When you adopt a rescue dog, it’s said that you’re rescuing the dog, but you may start to wonder who rescued whom. Dogs have many positive effects on humans, and a rescue dog, especially a traumatized dog, can change your life just as much as you’ve changed his.
For rescue dogs who were traumatized, neglected, or abused, being adopted gives them a chance at a second life. Some of these dogs don’t just go on to be pets, but rather become therapy dogs, helping humans in turn. Despite their own traumatic pasts, traumatized dogs who become therapy dogs are changing our lives for the better.
Traumatized dogs working as therapy dogs
Dogs who have been abused or neglected can often find new and brighter futures working as therapy dogs. For instance, the Maricopa County Sheriff’s Office in Arizona has partnered with MASH, a local no-kill shelter. MASH brings in abused or neglected dogs to work with incarcerated veterans. The dogs spend time with the inmates each week, showing them compassion and helping them to learn to show empathy. Both dogs and humans experience positive interactions that help them move on from their negative pasts.
Rescue dogs can also help people to cope with post-traumatic stress disorder (PTSD). In helping people experiencing PTSD, rescue dogs are tackling a widespread problem. According to the U.S. Department of Veterans Affairs, 7 to 8 people in 100 will experience PTSD at some point during their lives. Resulting from a traumatic event, PTSD is often misunderstood and sometimes misdiagnosed, but therapy and counseling, medications, and exercise can help to treat it.
Specially trained therapy dogs can help people to cope with the hypervigilance and anxiety that come with PTSD. Dogs can also reassure people after they’ve had nightmares and can help them to feel less isolated.
Veterans aren’t the only ones who experience PTSD, but unfortunately, treatment and management options for non-veterans experiencing PTSD are severely lacking. In an ideal world, programs could pair people with PTSD up with shelter dogs who had received the necessary therapy training.
Emotional support dogs
To become a therapy dog, rescue dogs need to go through training, and some may not pass that training or may not have the right temperament for the job. However, these dogs could become emotional support dogs, since no training is required.
Emotional support dogs can reassure their owners just being by their side. People who are dealing with mental health issues like panic disorders, depression, and anxiety may feel reassured and comforted by having an emotional support dog by their side.
Emotional support dogs don’t enjoy the same public access that service dogs, which undergo extensive training, do. Public places like restaurants and malls don’t have to give emotional support dogs access, though individual businesses may choose to allow these dogs on their own. However, the Fair Housing Amendments Act does protect people with these dogs from housing discrimination. Under the Air Carrier Access Act, emotional support dogs can usually travel with their owners on planes, rather than having to ride in the cargo hold.
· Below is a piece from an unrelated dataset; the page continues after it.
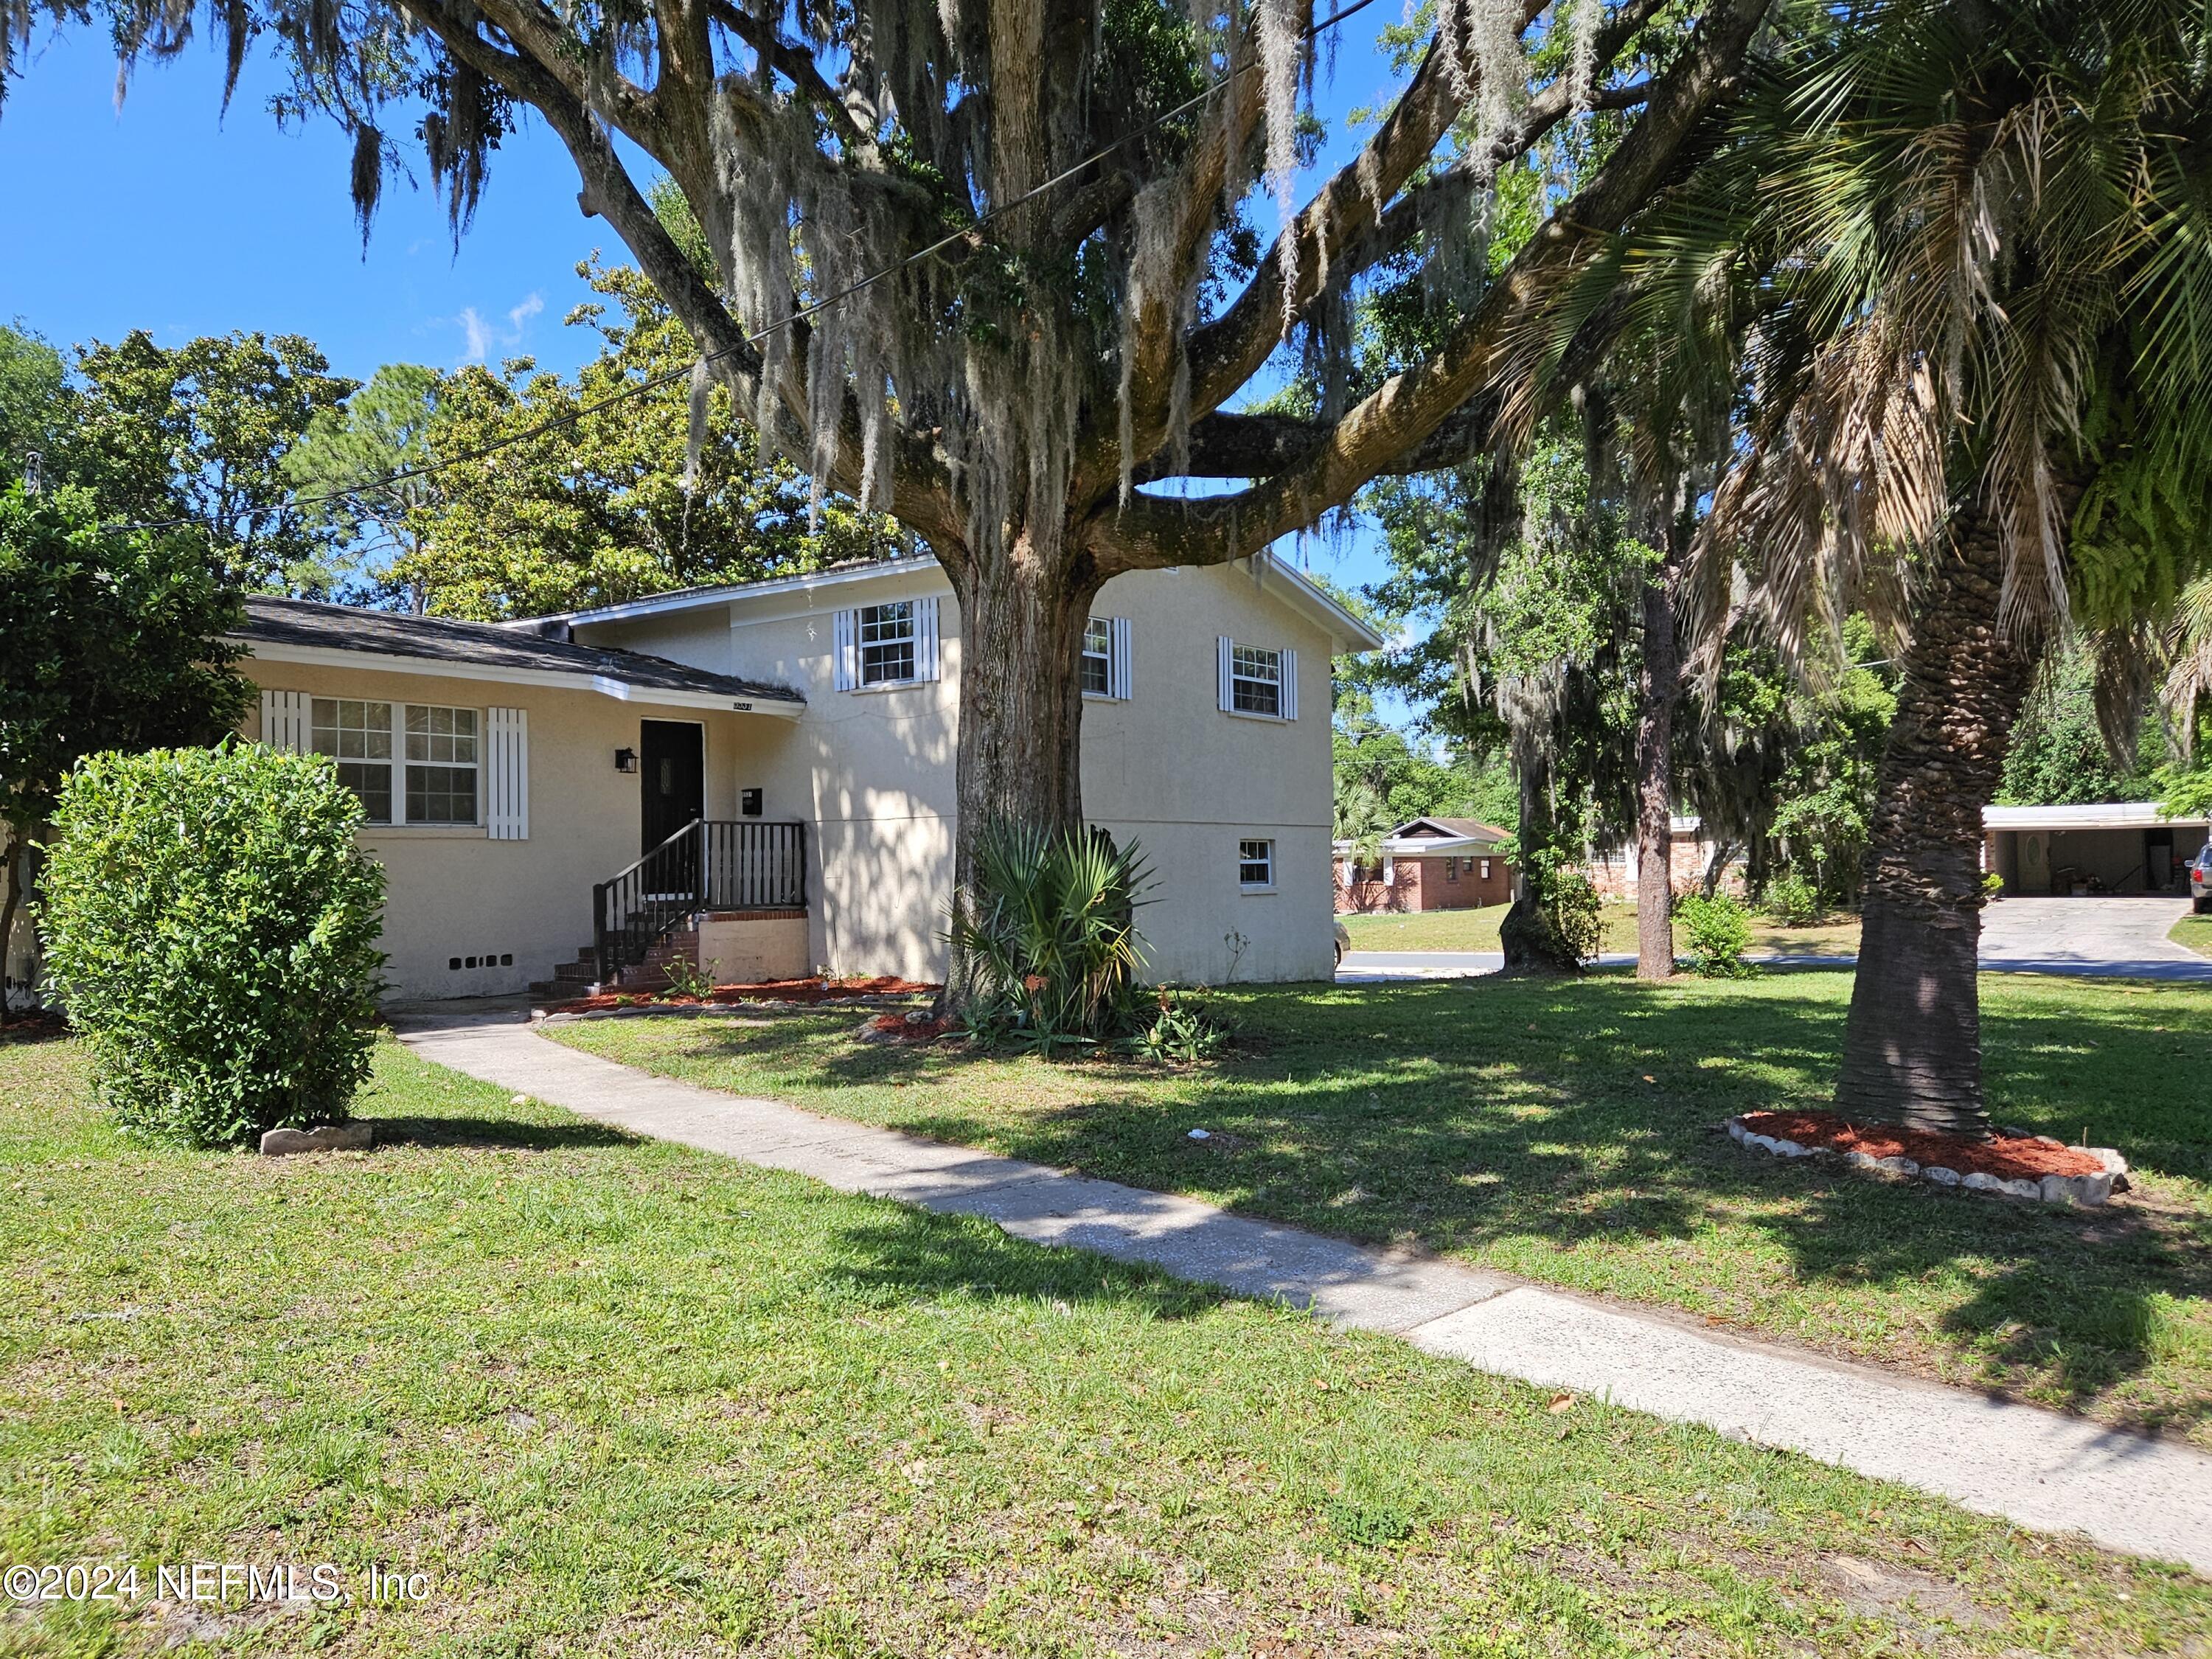 Jacksonville, FL home for sale located at 5531 Ghormley Road, Jacksonville, FL 32277

The benefits of adopting a dog for yourself
Not all dogs are cut out to be service dogs, and unless you have a specific condition that would benefit, you also won’t be able to have your dog qualify as an emotional support animal. But that doesn’t mean you can’t enjoy the benefits of adopting a dog, especially one who’s had a rough past.
Having a dog can help you cope with stress and anxiety. Dogs are great at providing comic relief, perfect for distracting you from the stress you’re feeling. Plus, because your dog will need regular exercise, you’ll enjoy regular exercise, too, which is one of the best ways to manage stress.
Dogs also provide many scientifically-backed benefits. They can help reduce depression, and, especially in seniors who tend to live alone, dogs provide comfort and social interaction. When you’re walking your dog, it’s much easier to strike up a conversation with a stranger on the street, so dogs can help facilitate these critical social moments. A study from the 1980s also revealed that petting or snuggling with a dog has essential positive physical effects on a human, including lowered blood pressure, slowed breathing, and relaxed muscle tension.
Rescuing a dog in need can be an emotionally rewarding experience, too. You may decide that you want to get involved in finding justice for animals and helping to ensure that future dogs don’t go through the negative experiences that yours encountered. From volunteering for a shelter to running fundraisers and advocating for stricter penalties for animal abusers, adopting a rescue dog can have a widespread effect.
Rescuing a dog certainly won’t just change your dog’s life. It will change yours, too.